Diagnosis of the cause of infertility, investigations should include vaginal ultrasound scans and also hysteroscopy.  Vaginal ultrasound will pick up abnormalities within the womb and abnormalities with the ovaries, which would otherwise be missed by a laparoscopy.   Hysteroscopy should be performed at the same time as a laparoscopy so that any problems within the womb, which could cause infertility, may be detected.

  • Abnormal development of the follicle and of ovulation

In few women the egg may be released from the follicle in which it develops before it is properly mature or it may not be released at all formed to cyst.

  • Abnormal eggs

It would appear that a very small number of cases of unexplained infertility are due to the persistent production of abnormal eggs.  These may have a deformed structure or chromosomal abnormalities.

  • Trapped eggs

In some cases it would appear that eggs are produced, and mature correctly within the follicle.  This goes on to become a “corpus luteum” but without first bursting to releasing the egg.  The egg is therefore effectively “trapped” inside the unbroken “corpus luteum”.

  • Luteal phase abnormalities

The most important of all causes of “unexplained” infertility.  This is where the part of the cycle that follows after the egg has been released from the ovary, is abnormal in some way.

After releasing the egg, the follicle which contained it in the ovary goes on to become the “corpus luteum”.  The corpus luteum produces the hormone called progesterone.  Progesterone is essential for preparing the lining of the womb to implant the fertilized egg in uterus, and for continue the pregnancy for several weeks.

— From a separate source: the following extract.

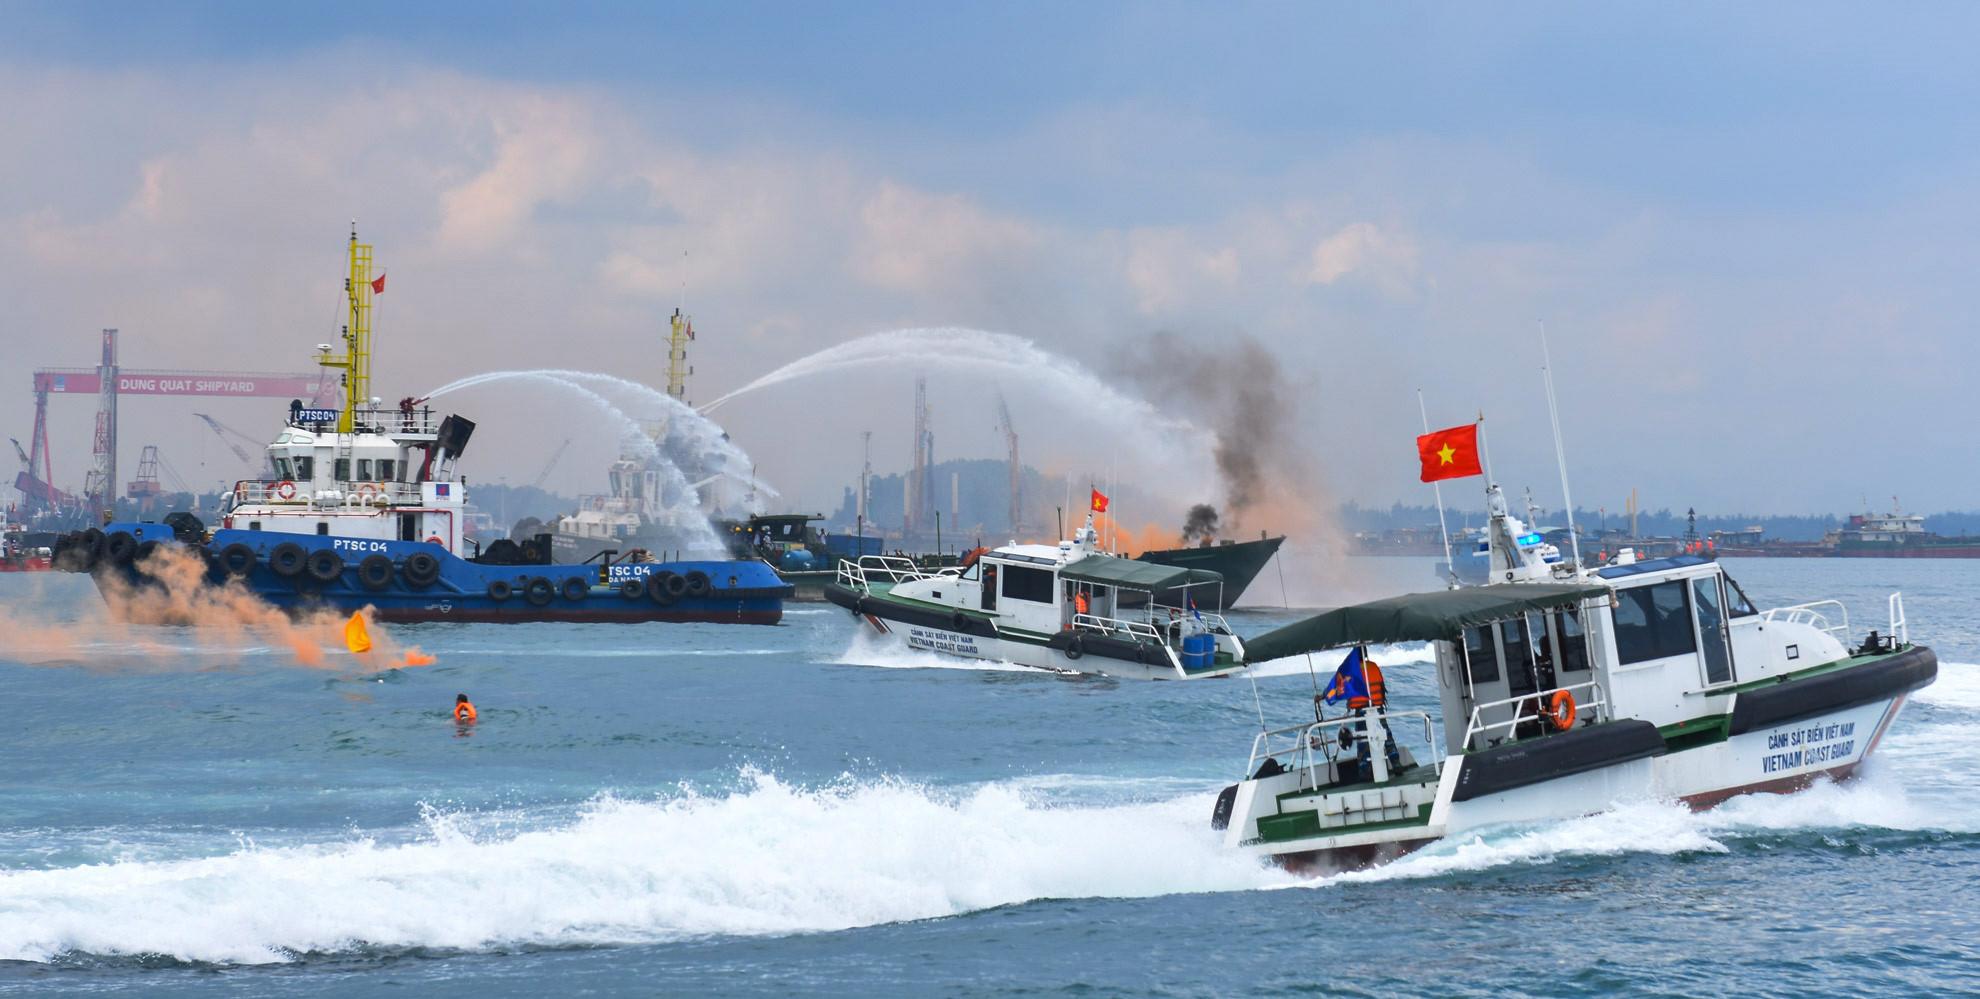 Thủ tướng yêu cầu triển khai việc thi hành Luật Cảnh sát biển Việt Nam Ảnh 1

Several things can go wrong with progesterone production: The rise in output can be too slow, the level can be too low, or the length of time over which it is produced can be too short.  Problems during this phase of the cycle are known as “Luteal phase defects”, and can be investigated either by carefully examining samples from the lining of the womb which is called endometrial biopsy) or by monitoring the progesterone output by taking a number of blood samples on different days after ovulation so that the progesterone level in them can be measured. Problems in the luteal phase may also occur as a result of abnormal levels of the hormone prolactin.

Treatment of unexplained infertility

  • Treatment with intrauterine insemination (IUI) alone did not raise this conception rate significantly.
  • Treatment of unexplained infertility with Clomid plus IUI increases chance of conception per cycle.
  • Treatment with gonadotropin injections + IUI raises the conception rate even further to 17 percent per treatment cycle.
  • Lastly, in vitro fertilization (IVF) conception rates for unexplained infertility are typically among a center's highest, usually at least 50 percent with the transfer of two embryos.